The district court dismissed the companies’ complaint. But in the recent ruling, the 9th U.S. Circuit Court of Appeals partially reversed that decision and sent it back for further review.
Although the written opinion is still forthcoming, this is a significant ruling that focuses attention on the concept of equal protection, which was the main allegation made in the lawsuit. As their complaint argued, a key section of the law “not only arbitrarily excludes and punishes one employer based solely on an unproven allegation. It arbitrarily includes and protects employers, alleged to have used ghost workers, so long as they were sued after April 1, 2015. … (T)he ghost worker allegation carve-out is simply a mechanism to subject Fowler to disparate and punitive legislative treatment based solely on an allegation of wrongdoing.”
The appeals court, however, rejected the farms’ claim that the law had violated “bill of attainder” provisions in the U.S. Constitution.
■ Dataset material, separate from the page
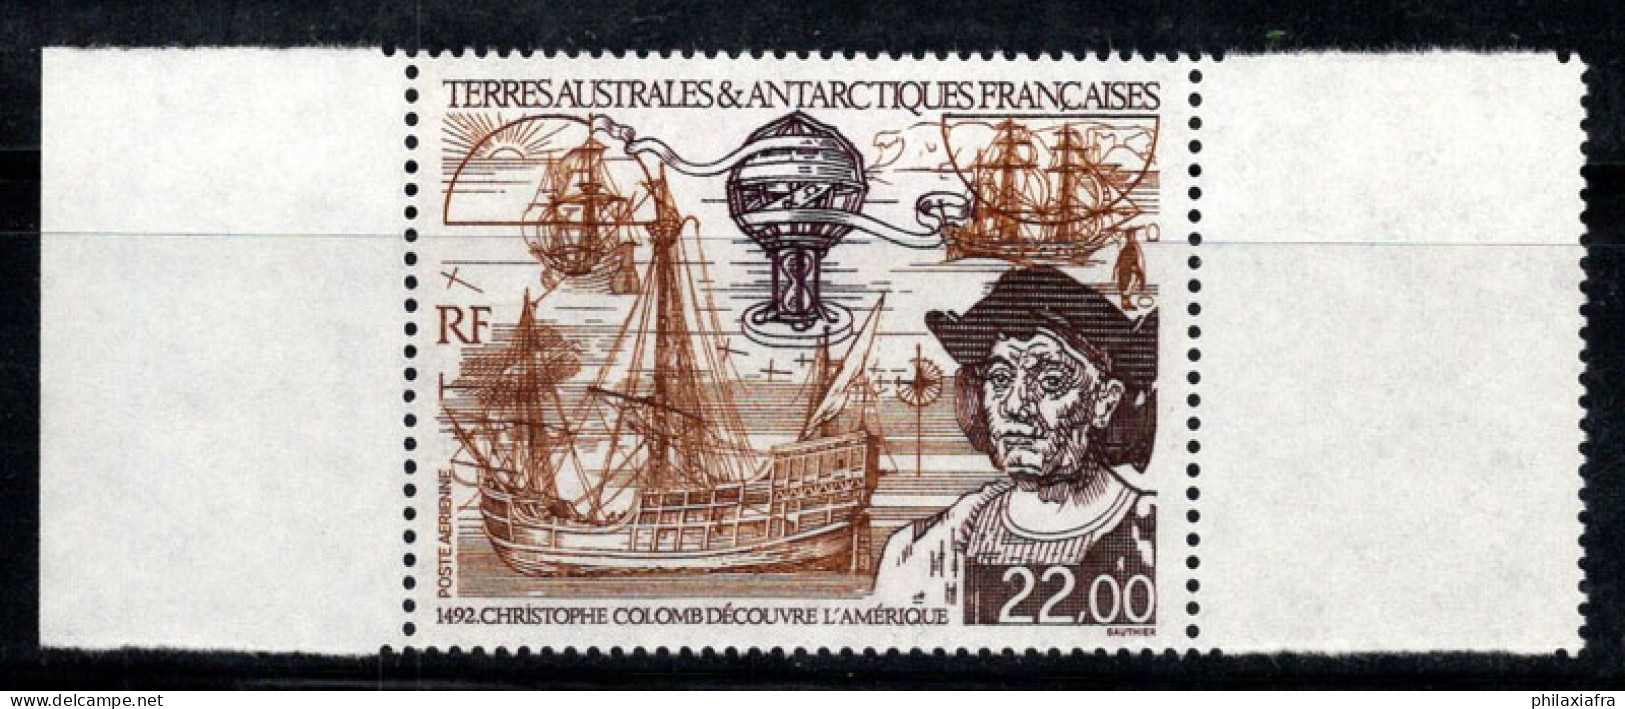 Territoire Antarctique Français TAAF 1992 Mi. 291 Neuf ** 100% Poste Aérienne 22.00 (Fr), C.Colombo - Unused Stamps

That refers to an act by any legislature that inflicts punishment without the protections of due process or judicial review – i.e., “trial by legislature.” The plaintiffs had argued that the California Legislature exempted those companies based on some union allegations and was a form of punishment against them, in that it singled out Fowler and Gerawan, and did so without any legitimate, nonpunitive purpose.
“By denying those employers the protection that every other employer enjoys, the Legislature essentially adjudged them to be guilty of egregious conduct. But the Constitution does not give legislatures the power to determine guilt, it grants that authority to courts,” explained the Pacific Legal Foundation’s Wencong Fa in a column in the San Francisco Daily Journal. The foundation had filed an amicus brief on behalf of the companies and several farm organizations, including the California Farm Bureau and Western Grower.
The Fowler and Gerawan labor disputes have been a long-running California saga. The UFW has had a variety of disputes with Fowler. In the Gerawan situation, the company says the UFW had re-emerged at the farm after a long hiatus, claiming to be the rightful representative of the farmworkers there. The state Agricultural Labor Relations Board had refused to even count the ballots in a union de-certification election there – and imposed a seemingly unwanted contract on workers there. It’s become a national news story and litigation continues.
A.B. 1513 was supported even by some agricultural organizations because of the advantages it provides to the industry in general. There’s little disagreement it was the result of tough negotiations – a point the Brown administration has made in support for the law. But that doesn’t mean Fowler and Gerawan don’t make a valid argument. The new law could be of overall benefit to most California agricultural companies while still unfairly singling out two companies involved in disputes with one of the groups involved in those negotiations.
The official Assembly bill analysis puts the issue in perspective: “Supporters argue that this bill is a fair compromise for both employers and workers, addressing a situation where there was a significant development in case law. … Opponents argue that these arbitrary provisions set forth a troubling precedent that represents political targeting that sacrifices some companies to continued legal exposure in exchange for legal protections afforded to others.”
Fowler and Gerawan asked the state to suspend enforcement of this week’s deadline pending the outcome of the case as the federal courts take the rare step of reviewing a constitutional challenge to piece of state legislation.